Mars Protocol Hub Cosmos

Mars Protocol: Cosmos Ecosystem's Game-Changer

What is Mars Protocol, and what does it do? Don't want to miss out? Read on for more…

What is Mars Protocol?

Hailing from Terra, Mars Protocol is a Credit Protocol — or more commonly known as a money market. A money market, like banks, allows participants to borrow and lend assets while the protocol manages illiquidity and insolvency risks.

Apart from the usual practices of most DeFi money markets, which is to facilitate collateralized borrowing, in 2022, they introduced a new type of credit system — called the Field of Mars, which was a form Contract-To-Contract (C2C) Lending that enabled people in to borrow money without putting down collateral, and ultimately using it to increase their yields.

This was useful in specific scenarios such as (but not limited to) leveraged yield farming or arbitrage and brings in borrowing demand for collaterals.

A picture which show Mars Protocol from the Cosmos Ecosystem and their leveraged yield farming solution for decentralized exchanges
Good old days…

Mars performance on Terra

During Terra’s peak, Mars Protocol has $350m in TVL, accounting for a mere 1.8% of Terra’s total TVL ($18.74B) on the 7th of April, 2022 — shortly before $UST started depegging.

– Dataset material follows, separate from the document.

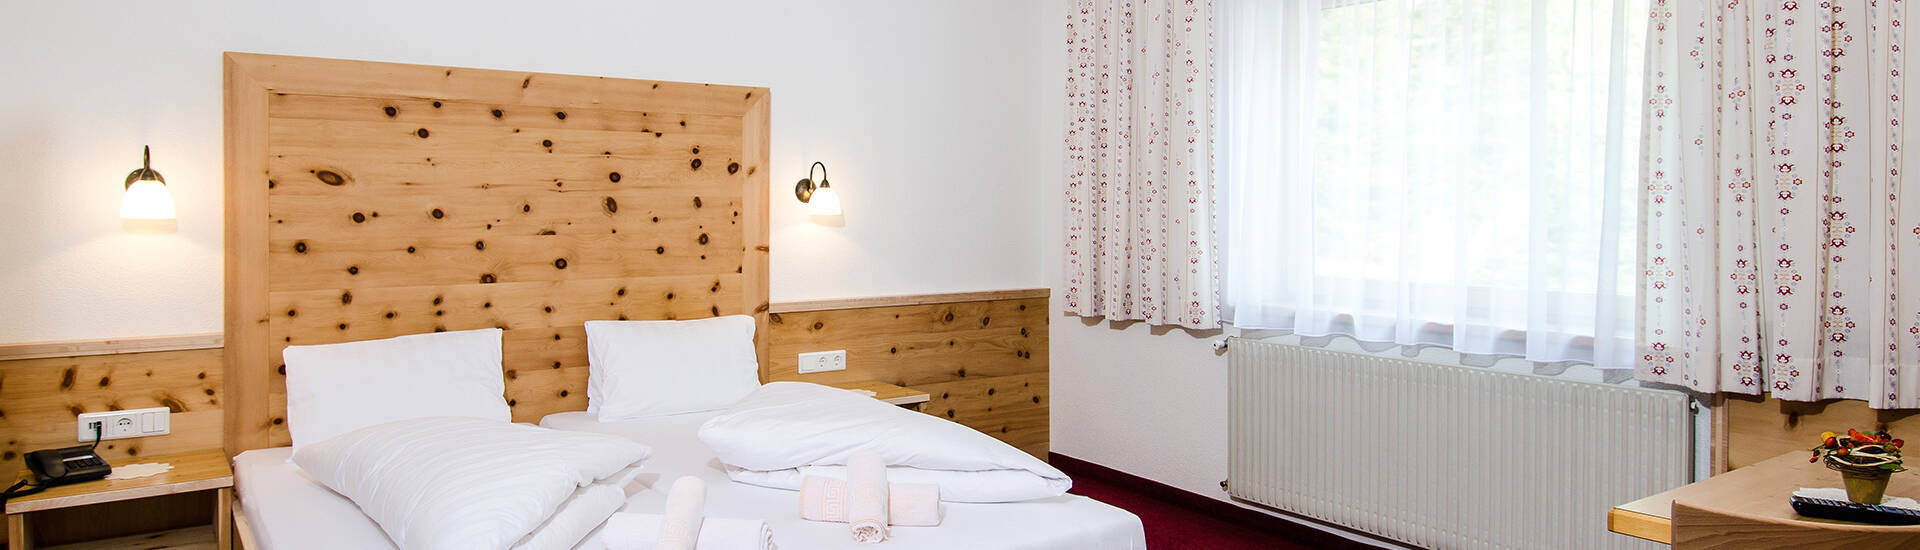  Zimmer im Hotel Sonnenhof in Ischgl/Mathon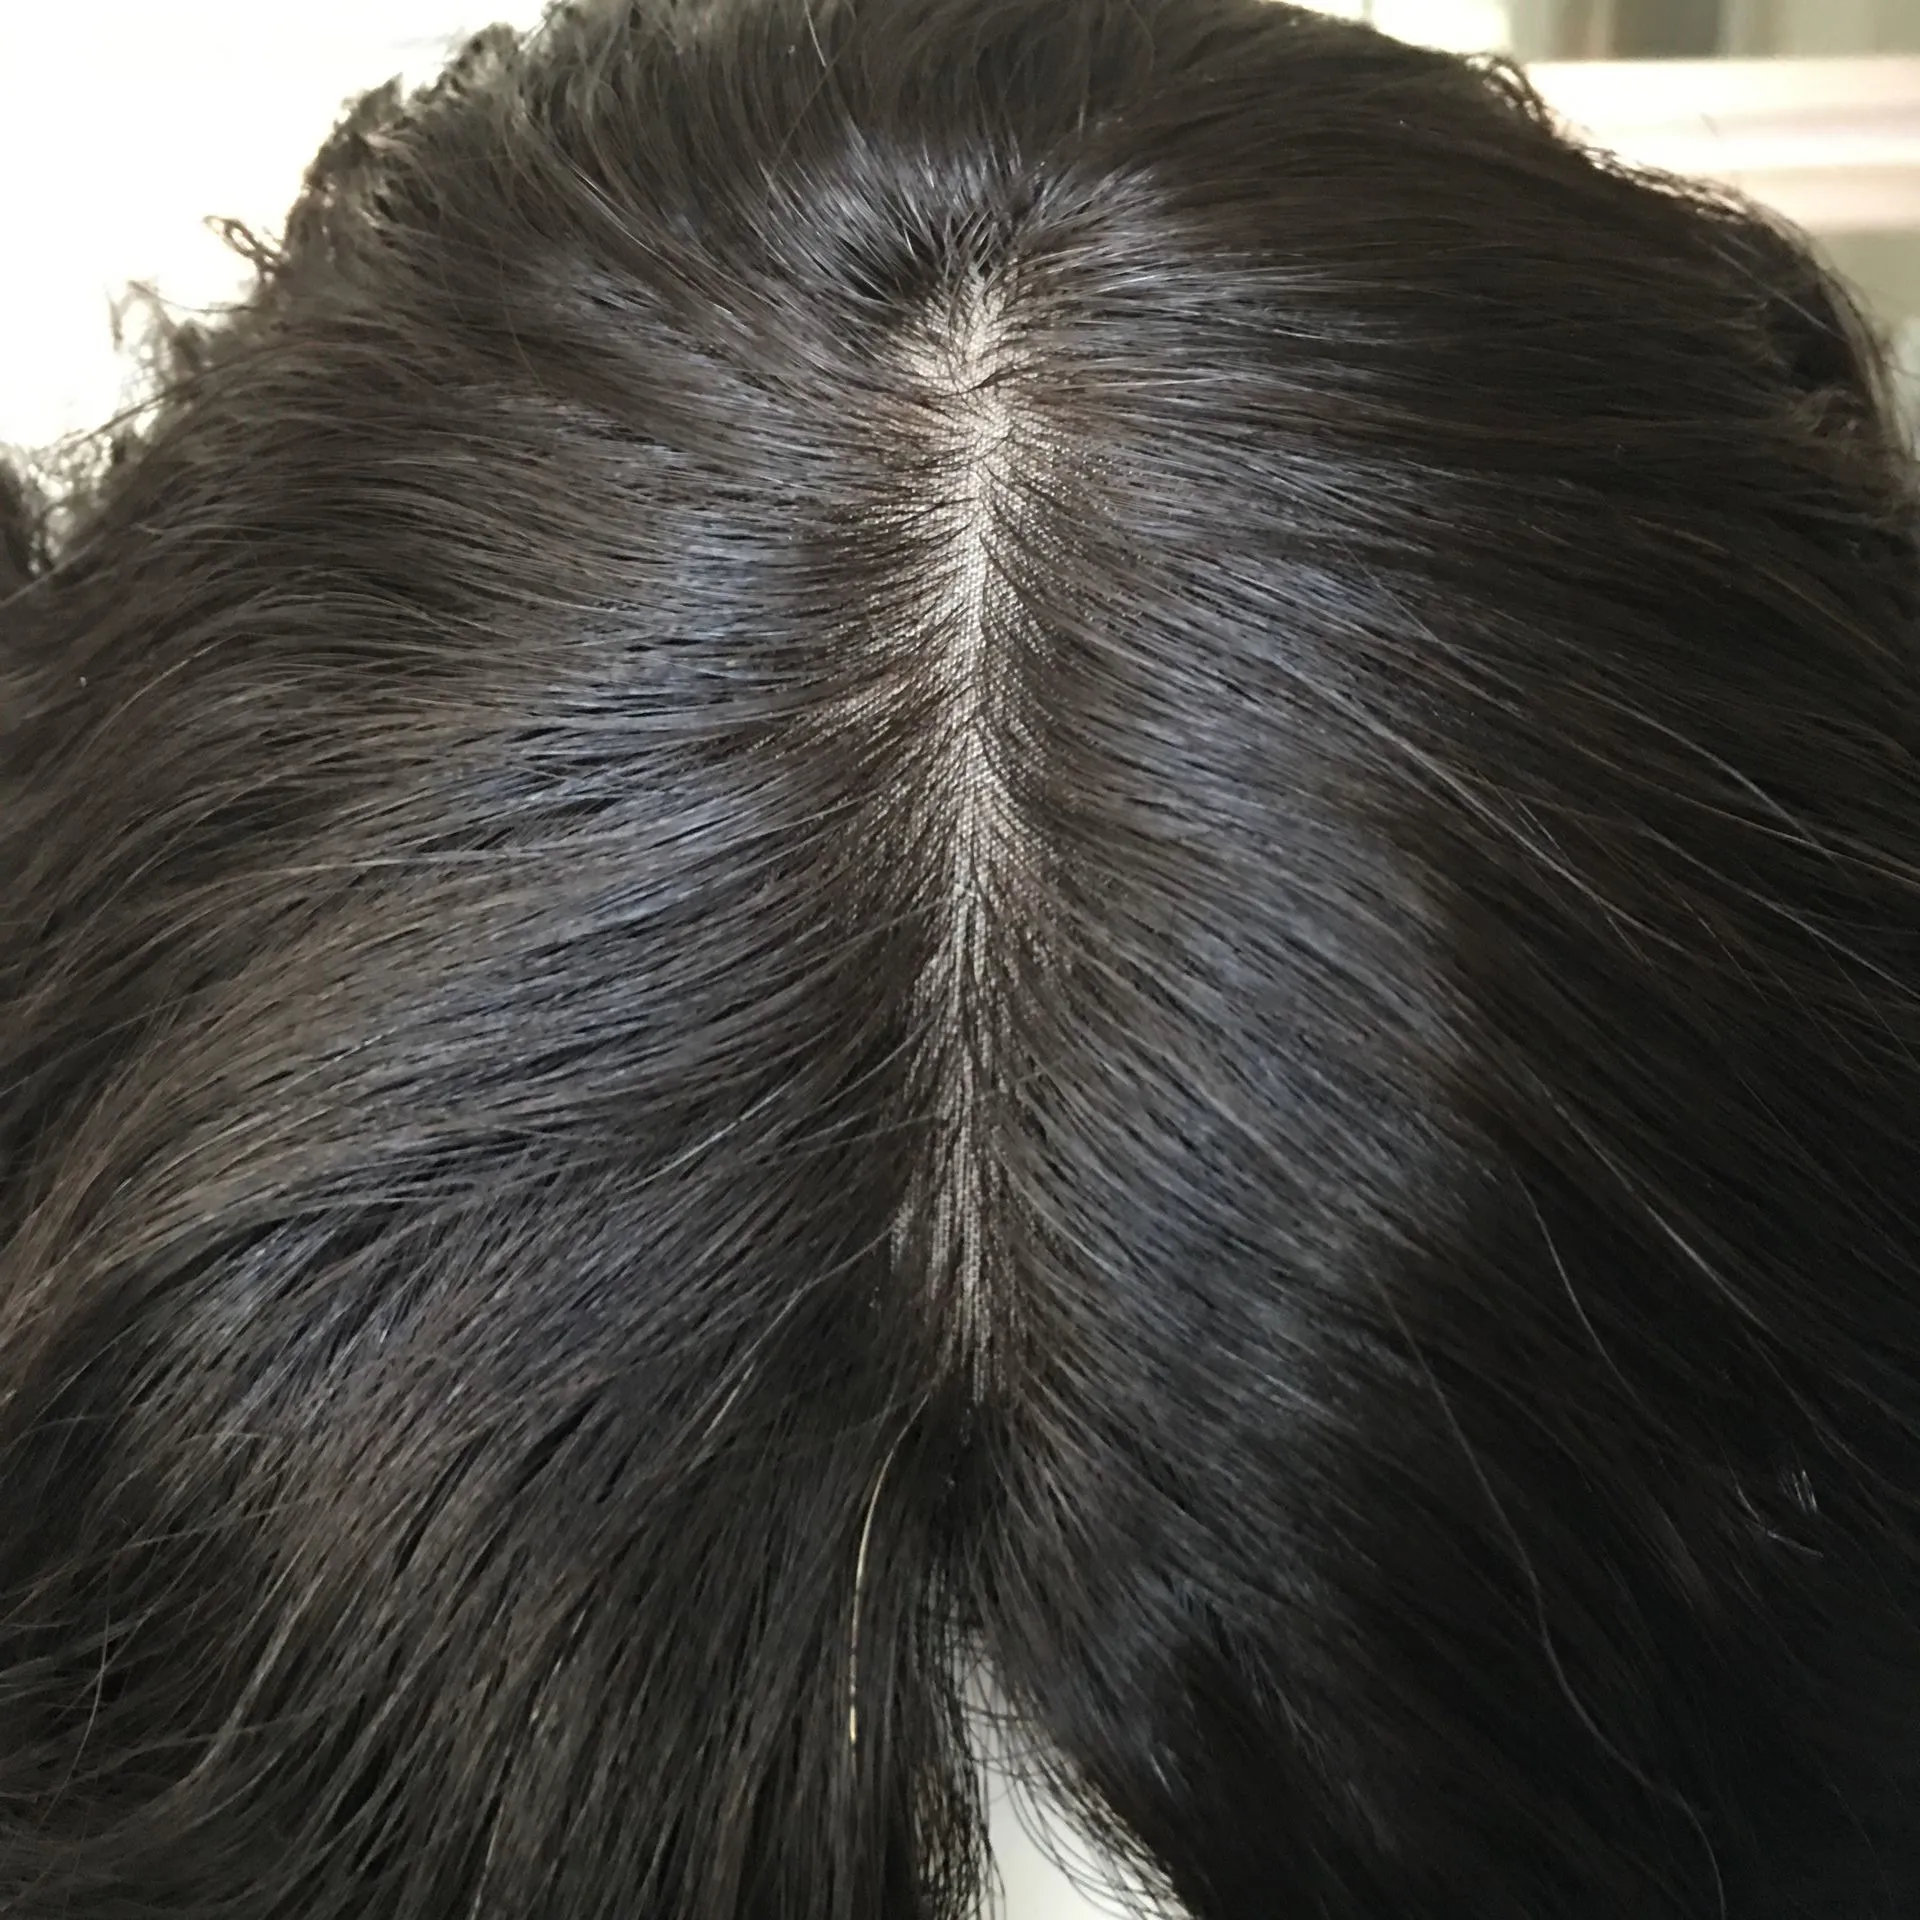 7 дней доставки Tsingtaowigs на заказ европейские необработанные волосы еврейский парик лучшие Sheitels парики

A picture which show the TVL of Mars Protocol during their stay on the Terra LUNA Ecosystem, and their move to the Cosmos Ecosystem

Since the crash of Terra, they have since been busy planning their rebirth — ultimately choosing to rebuild on Cosmos because of the technology stack.

After the Tera Crash

Mars Protocol has made considerable progress in its evolution and expansion. On January 31, 2023, it launched its mainnet on Cosmos, thereby becoming available on Osmosis, Cosmos' largest DEX . After launching Farm Vaults on the Osmosis Outpost were introduced, a feature that allows liquidity providers (LPs) to increase their earnings from their Osmosis LP positions and understand how minor decisions can impact their risk profile.

Strategically, Mars Protocol extended the lock-up period for its governance token by six months as it transitions from Terra to its own Mars Hub appchain. This decision aligns with its goal to fortify its governance structure and ensure platform stability. In its bid to bolster risk management, Mars Protocol unveiled its Risk Framework 2.0. This comprehensive framework is designed to provide users with a robust system for managing their risks on the platform.

Simultaneously with its mainnet deployment, Mars Protocol launched its own cosmic application chain. In a generous gesture, it distributed Terra Classic MARS tokens to users who held them during snapshots. This action underscores Mars Protocol's commitment to rewarding its loyal users and cultivating a strong community around its platform. With Cosmos, they can now allow users to combine their positions and strategies into a single vehicle with a single liquidation point on any supported chain, with a new mechanism called Rovers, which is a major upgrade from the Field of Mars.

A look into Rovers

Essentially, Rovers are bundles of on-chain transactions represented by transferable NFTs.

Sounds a little complex, so let’s break that down into two parts.

“Bundles of on-chain transactions”

Rovers provide a similar “sub-account” experience you have on centralized exchanges, enable cross-collateralization and integration with other DeFi primitives, and give users more control and capabilities than centralized exchanges.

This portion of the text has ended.